Dr. Matthew Jebb

Matthew JebbMatthew Jebb’s talk: In search of the Gardens of Eden through travelling for plants.

Matthew speaks at Immrama 2023 on understanding that the lives of plants all hangs on the same need to travel to see them in their native haunts, much as in the days of Charles Darwin and Alfred Wallace.

Matthew is a botanist and the director of the National Botanic Gardens. He studied as a taxonomist (biologist that groups organisms into categories) at Oxford University. He later lived in Papa New Guinea where he was involved in many collecting expeditions and the naming of numerous species.

Details of this year’s festival programme can be found elsewhere on this website.

Isabel Conway

Isabel ConwayIsabel Conway is a multi-award winning travel writer, the 2022 long haul Ireland Travel Extra Travel journalist of the year, and three-time past winner of the overall award. She has also been a winner and commended in the British Guild of Travel Writers annual awards in recent years. With a passion for discovering new places, people, and interesting experiences she has chronicled stand-out moments in her award-winning travel articles. In Varanasi India, she was intensely moved by a Ganges Hindu cremation, In poverty-stricken Malawi, she met feisty women who set up a co-op to feed their families. On a little boat on the same lake travelled by Dr David Livingstone in Zambia, watched by hippos and crocodiles, the outboard motor cut out. Oars luckily were aboard. Other memorable trips were following the Silk Road in remote Uzbekistan, enjoying a five-hour-long Georgian Supra feast, a 3 -day horse trek in the Canadian Rockies, and a surf lesson in Hawaii.

A fluent Dutch speaker, Isabel worked as a news and features writer for Irish and European print and broadcast media whilst based in the Netherlands, Sweden, and Belgium. Her Ireland outlets include the travel pages of The Business Post, Sunday Independent, Sunday Times, Irish Daily Mail, and Irish Examiner. She also contributes regularly to RTE One Radio World Report.

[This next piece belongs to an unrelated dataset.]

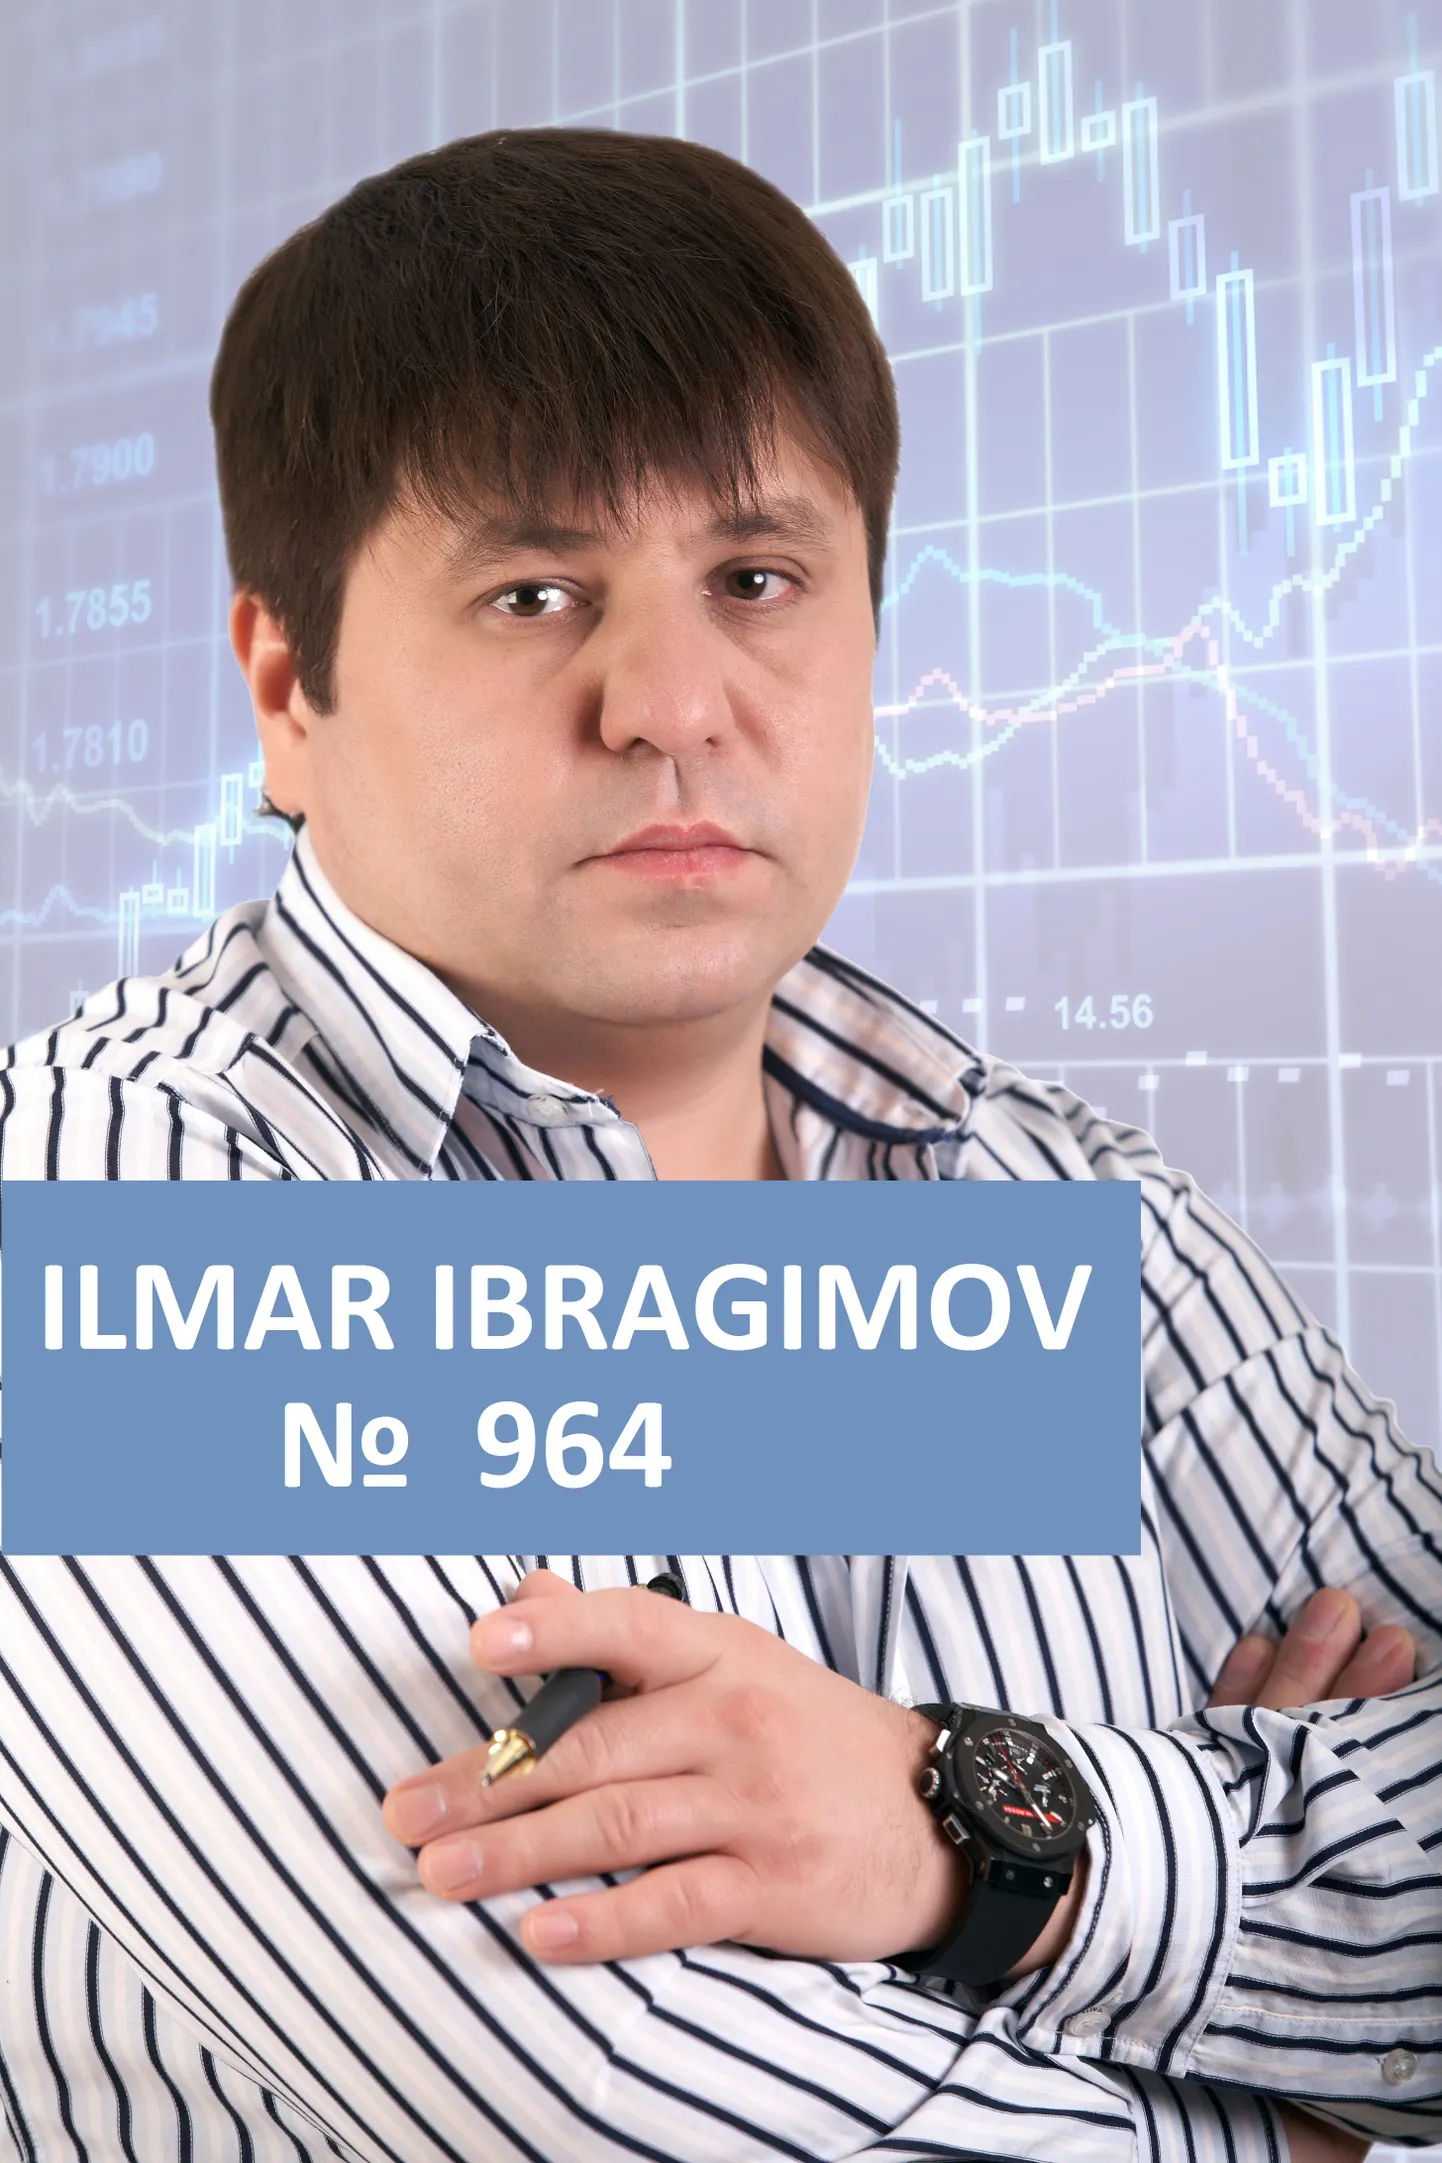 Ilmar Ibragimov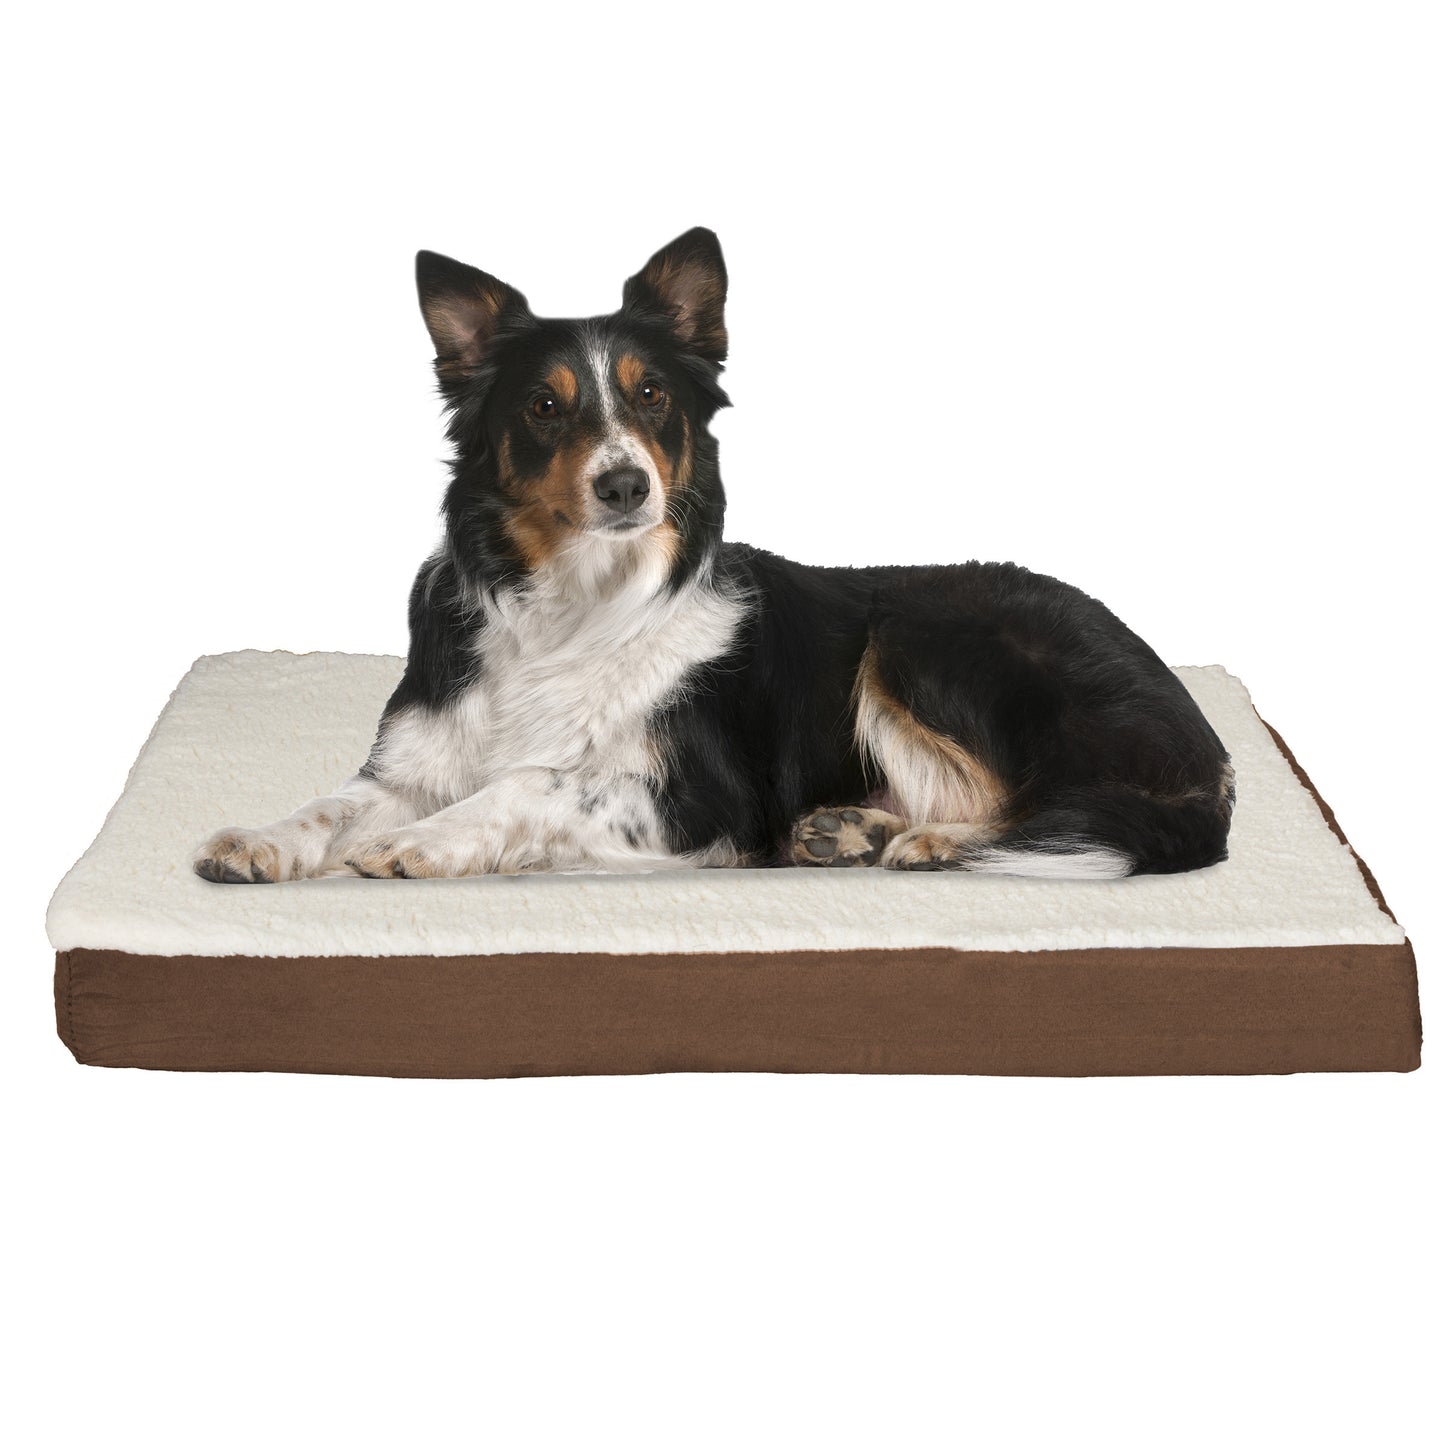 2-Layer Orthopedic Dog Bed

Isabel Conway’s talk: Some insights into the life and times of Ireland’s most celebrated travel writer, Lismore Co Waterford native the late Dervla Murphy, who pioneered a fearless and intrepid go-it-alone attitude to travel.

True to her convictions, with an almost resolute disregard for danger, her innate curiosity propelled Dervla Murphy to seek out the new and unknown, setting out from her home here in Lismore to undertake extraordinary journeys for more than half a century.

Details of this year’s festival programme can be found elsewhere on this website.

Tomi Reichental

Tomi ReichentalTomi’s talk: Holocaust survivor of Bergen Belsen concentration camp living in Ireland.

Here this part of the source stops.